Well, I’m here to confirm your intuition. Because I reject the idea that all of you will quit trying to take care of your bodies just because you’ve been duped so seriously. I don’t think you’re too lazy to push past those bigger barriers. I don’t think you view doing some homework as a waste of time. And “some fitness is better than no fitness” is frankly just not good enough.

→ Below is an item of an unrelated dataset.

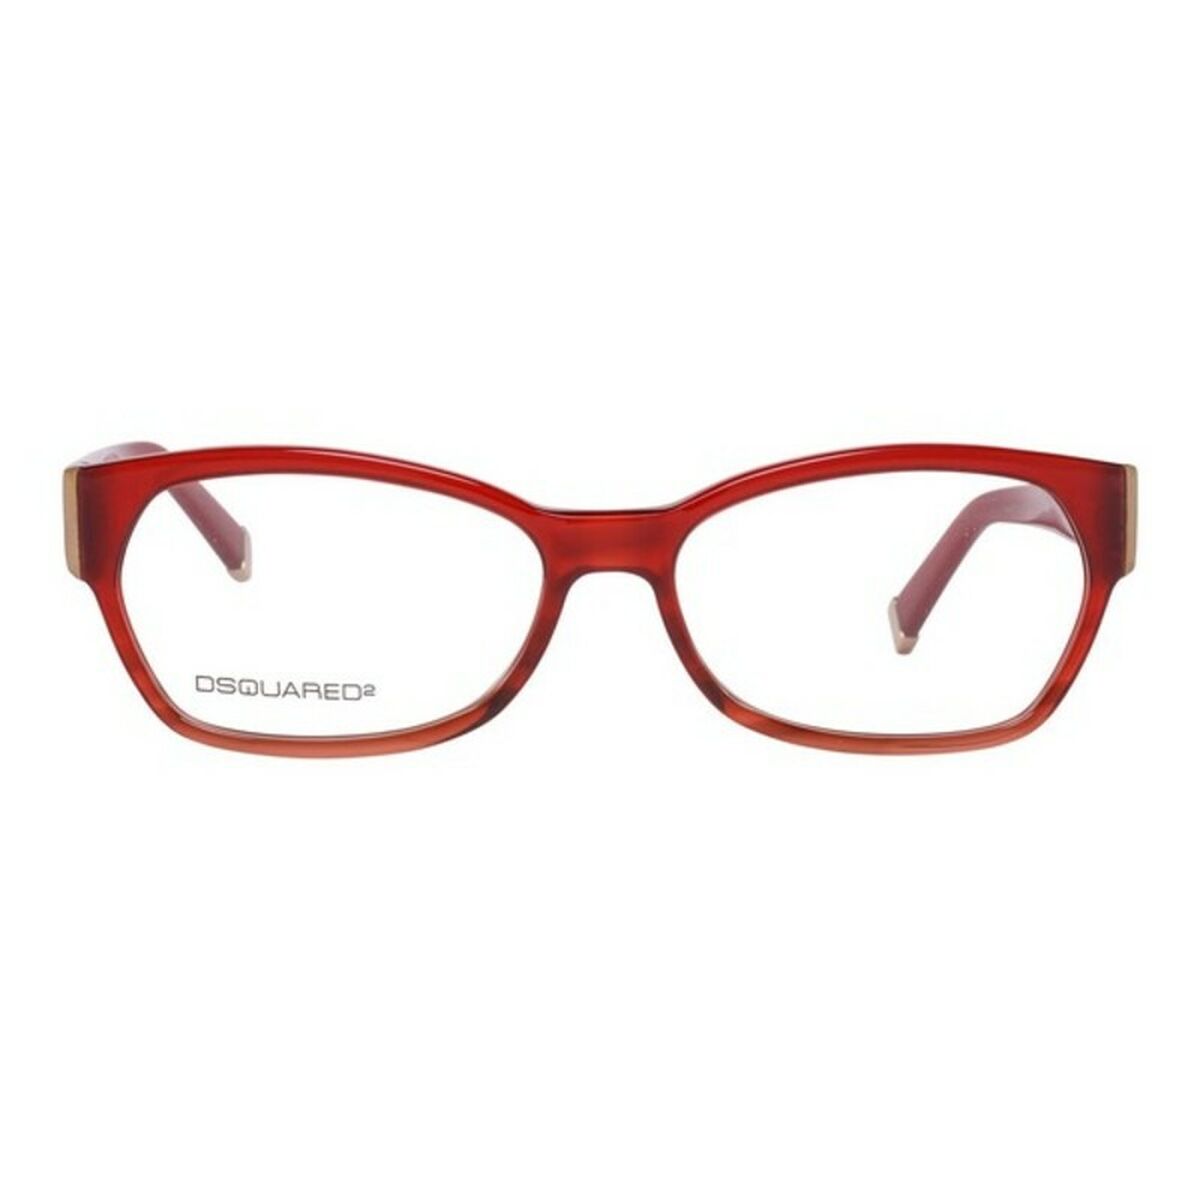 Ladies'Spectacle frame Dsquared2 DQ5045-068 (ø 55 mm) Red (ø 55 mm)

I think you are smart. And I think you understand what I mean when I say again that that shoe is an abomination beyond it’s simple design flaws. The Nike Super Rep is a travesty. It is an ugly attempt to patch up cracks in a system that is knowingly undermining its promises and corrupting your health, in order to keep the bubble going--avoiding necessary evolution to scale an industry that it is not really capable of that sort of growth as a rule. And listen, I get it. Nike is a shoe company that just needs to sell shoes. At the end of the day, it’s just business for all these brands, right? I know we cannot hold an individual company entirely responsible for enabling this machine. But I guess Colin Kapernick’s face on billboards just makes we want to expect better from them. 

If you think they’re not complicit in the lie as they create these super fun collabs with these super fun fitness influencers at these super trendy studios after dissolving the actually elite Sparq strength and conditioning coaches program, remember this. They’ve been quietly producing a new version of their flat and flexible shoe year after year since 2004 called the Free that I’ve been enjoying buying on clearance and recommending to clients for the past two decades. Because they know the truth. Ain’t no cushion in the world gonna save your body from a poorly programmed workout. And that is a fact that even the most innovative of shoe companies cannot deny.